June 22, 2010

Prediction of protein–RNA binding sites by a random forest method with combined features

Filed under: Bioinformatics — Biointelligence: Education,Training & Consultancy Services @ 5:08 am

Protein–RNA interactions play a key role in a number of biological processes, such as protein synthesis, mRNA processing, mRNA assembly, ribosome function and eukaryotic spliceosomes. As a result, a reliable identification of RNA binding site of a protein is important for functional annotation and site-directed mutagenesis. Accumulated data of experimental protein–RNA interactions reveal that a RNA binding residue with different neighbor amino acids often exhibits different preferences for its RNA partners, which in turn can be assessed by the interacting interdependence of the amino acid fragment and RNA nucleotide.
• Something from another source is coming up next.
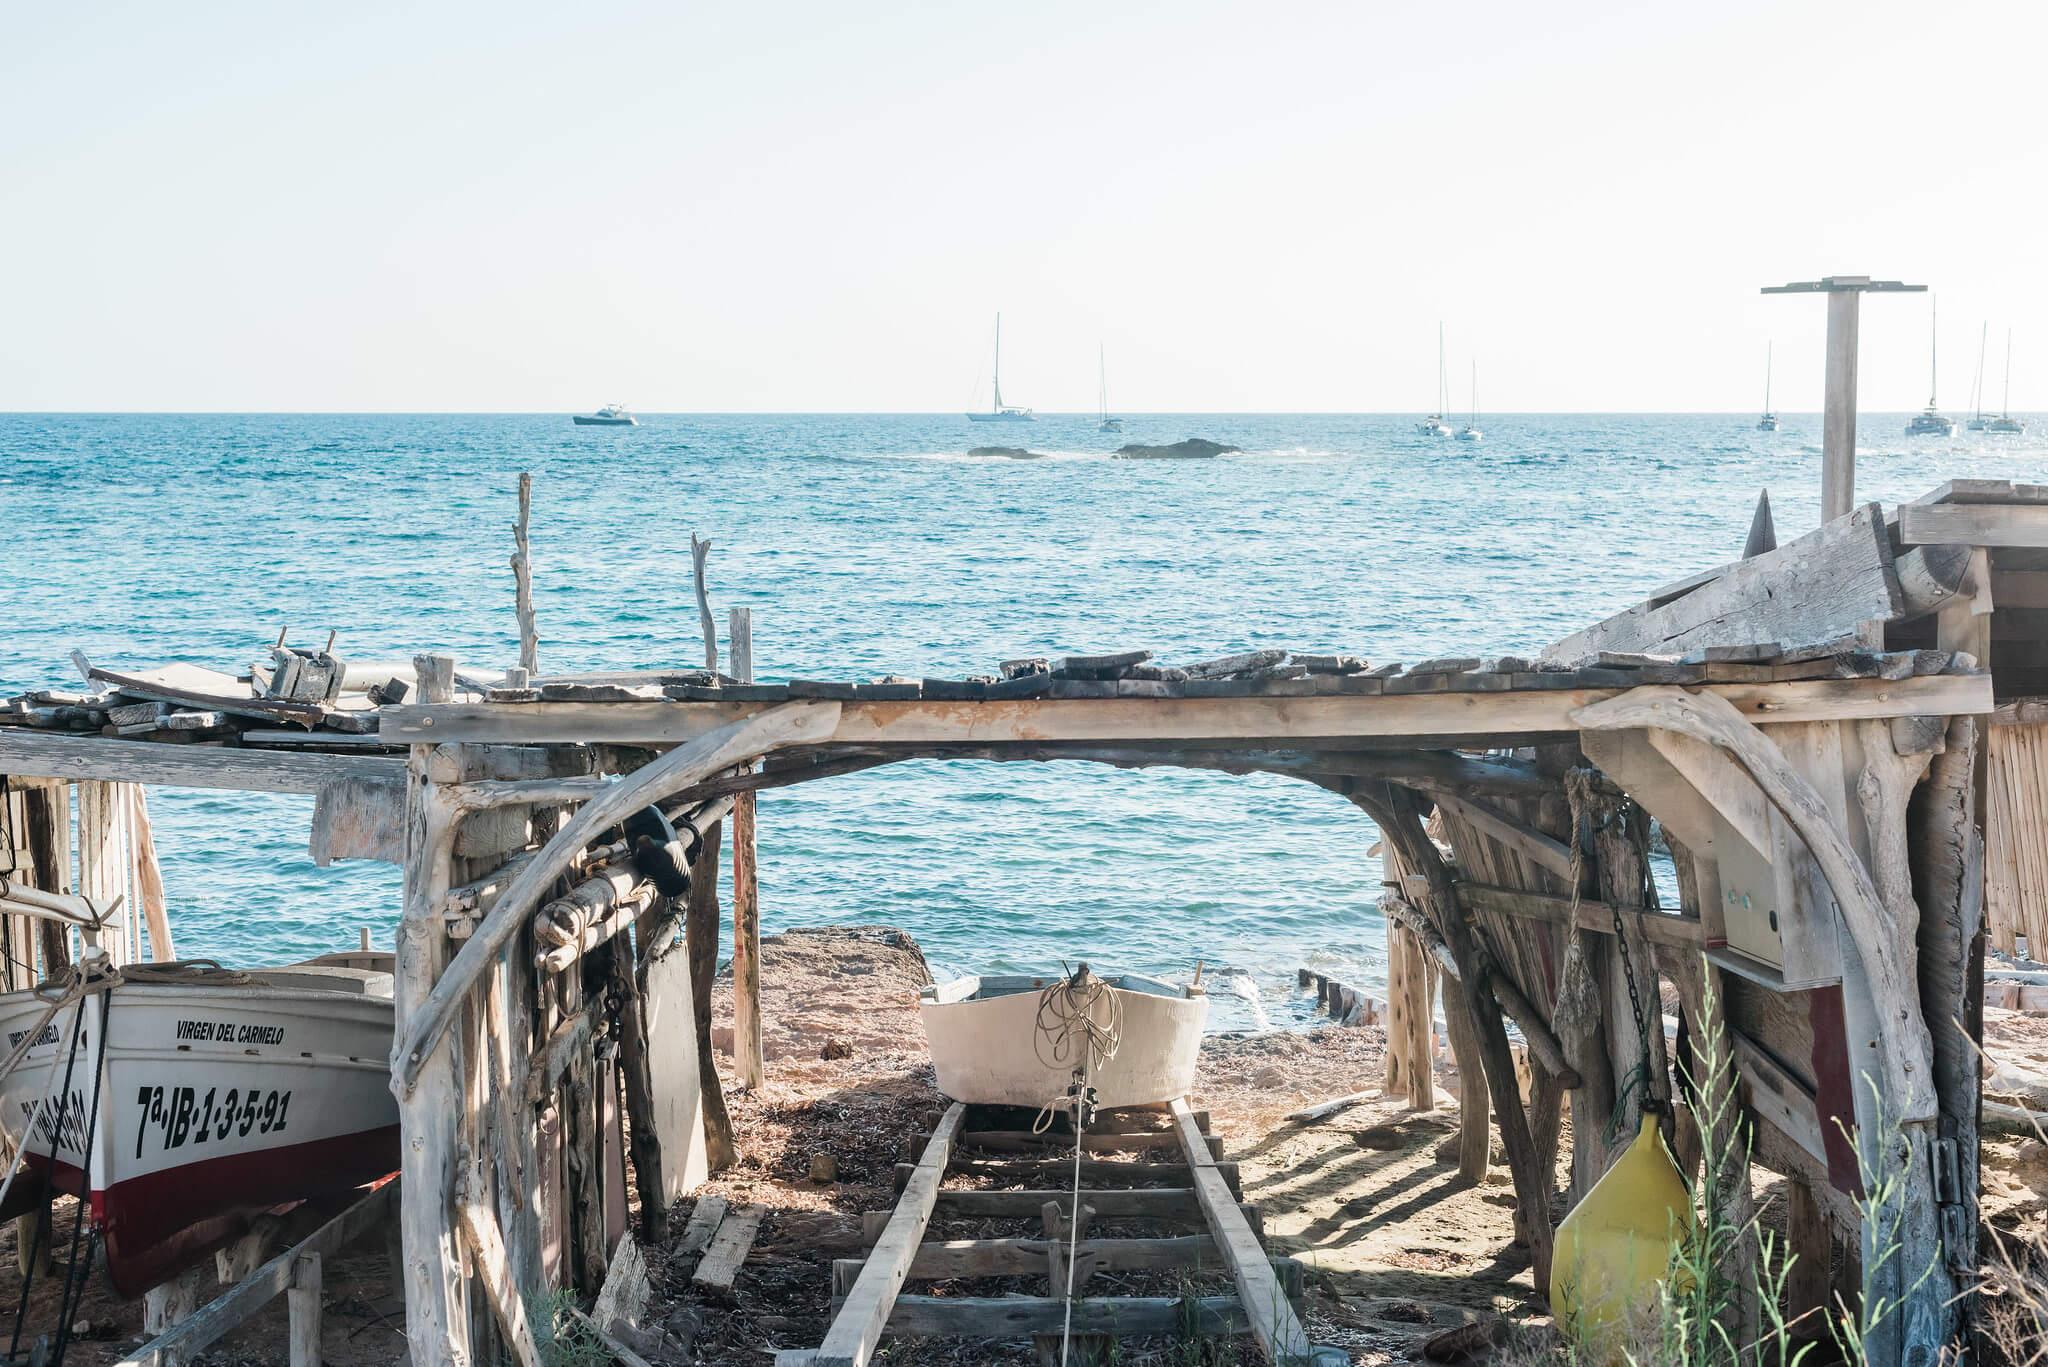 https://www.white-ibiza.com/wp-content/uploads/2020/03/formentera-beaches-es-pujols-2020-03.jpg

Results: In this work, we propose a novel classification method to identify the RNA binding sites in proteins by combining a new interacting feature (interaction propensity) with other sequence- and structure-based features. Specifically, the interaction propensity represents a binding specificity of a protein residue to the interacting RNA nucleotide by considering its two-side neighborhood in a protein residue triplet. The sequence as well as the structure-based features of the residues are combined together to discriminate the interaction propensity of amino acids with RNA. We predict RNA interacting residues in proteins by implementing a well-built random forest classifier. The experiments show that our method is able to detect the annotated protein–RNA interaction sites in a high accuracy. Our method achieves an accuracy of 84.5%, F-measure of 0.85 and AUC of 0.92 prediction of the RNA binding residues for a dataset containing 205 non-homologous RNA binding proteins, and also outperforms several existing RNA binding residue predictors, such as RNABindR, BindN, RNAProB and PPRint, and some alternative machine learning methods, such as support vector machine, naive Bayes and neural network in the comparison study. Furthermore, we provide some biological insights into the roles of sequences and structures in protein–RNA interactions by both evaluating the importance of features for their contributions in predictive accuracy and analyzing the binding patterns of interacting residues.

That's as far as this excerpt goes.